Immunogenicity of Two Dosages of Inactivated, Split-Virion Influenza Vaccine Given by an Alternate Route in the Elderly

NCT ID: NCT00296829

Last Updated: 2014-01-14

Basic Information

• Recruitment Status: COMPLETED
• Clinical Phase: PHASE2
• Total Enrollment: 1080 participants
• Study Classification: INTERVENTIONAL
• Study Start Date: 2006-01-31
• Study Completion Date: 2007-02-28

Brief Summary

All marketed influenza vaccines are injected by the intramuscular route. This study will test whether an influenza vaccine is effective when injected by other route than into the muscle. In order to prove this, the amount of antibodies in the blood will be measured before and after vaccination. In addition, the safety of both influenza vaccines will be tested by evaluating all serious reactions occurring after vaccination.
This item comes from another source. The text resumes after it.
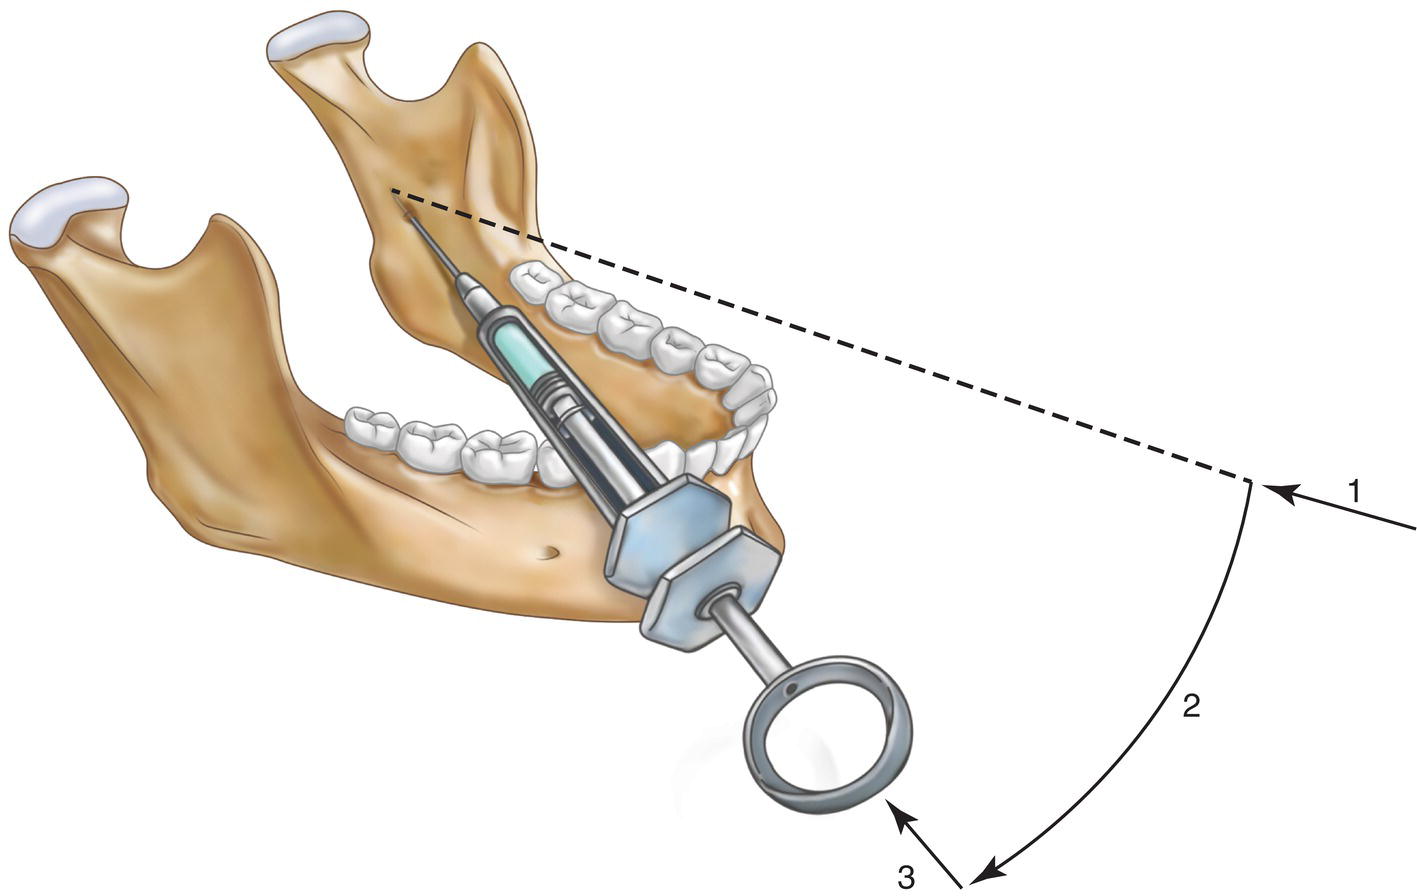 An illustration of insertion of needle in the buccal mucosa with mandibular block. The points are marked 1, 2, and 3 from right to left.

The vaccine injected in this study is similar to the sponsor's marketed intramuscular influenza vaccine (Vaxigrip).

Primary Objective:

To demonstrate and compare the immune response of two dosages of influenza vaccine administered by an alternate route to the intramuscular administration of the vaccine.

Secondary Objectives:

• To compare the immune response 21 days after vaccination between each investigational group versus intramuscular group for each influenza strain.
• To describe the safety profile after the vaccination in each study group
• To describe the compliance of the two dosages of the vaccine administered by the alternate route with the European Medicine Agency.

Observational Objectives:

• To describe the safety profile during the 21-day period following an intramuscular revaccination in each group and the possibility of any reaction at the first injection site.
• To describe the pain at the injection site with a Visual Analog Scale and the acceptability of the injection using a questionnaire in each group.
• To describe the leakage appearing at the injection site immediately after the alternate route injection and to explore the relationship with immunogenicity.
• To evaluate the cellular mediated immune response in a subset of subjects.

Conditions

Orthomyxoviridae Infection; Influenza; Myxovirus Infection

Study Design

• Allocation Method: RANDOMIZED
• Intervention Model: PARALLEL
• Primary Study Purpose: PREVENTION
• Blinding Strategy: DOUBLE

Interventions

Inactivated, split-virion influenza vaccine

Intervention Type: BIOLOGICAL

Eligibility Criteria

Inclusion Criteria

• Aged 60 to 85 years on the day of inclusion
• Informed consent form signed
• Able to attend all scheduled visits and to comply with all trial procedures.

Exclusion Criteria

• Systemic hypersensitivity to egg proteins, chick proteins, or any of the vaccine components, in particular, neomycin, formaldehyde, and octoxinol 9, or history of a life-threatening reaction to the trial vaccine or a vaccine containing the same substances
• Febrile illness (oral temperature >= 37.5°C equivalent rectal temperature >= 38.0°C) on the day of inclusion
• Any vaccination or participation in another clinical trial in the four weeks preceding the first trial vaccination
• Planned participation in another clinical trial during the present trial period
• Congenital or acquired immunodeficiency, immunosuppressive therapy such as anti-cancer chemotherapy or radiation therapy within the preceding six months, or long-term systemic corticosteroids therapy
• Chronic illness at a stage that could interfere with trial conduct or completion
• Current abuse of alcohol or drug addiction that may interfere with the subject's ability to comply with trial procedures
• Blood or blood-derived products received in the past three months
• Vaccination planned in the four weeks following the first trial vaccination
• Previous vaccination against influenza (in the previous six months) with the trial vaccine or another vaccine
• Thrombocytopenia or bleeding disorder contraindicating intramuscular vaccination
• Subject deprived of freedom by an administrative or court order, or in an emergency setting, or hospitalized without his/her consent.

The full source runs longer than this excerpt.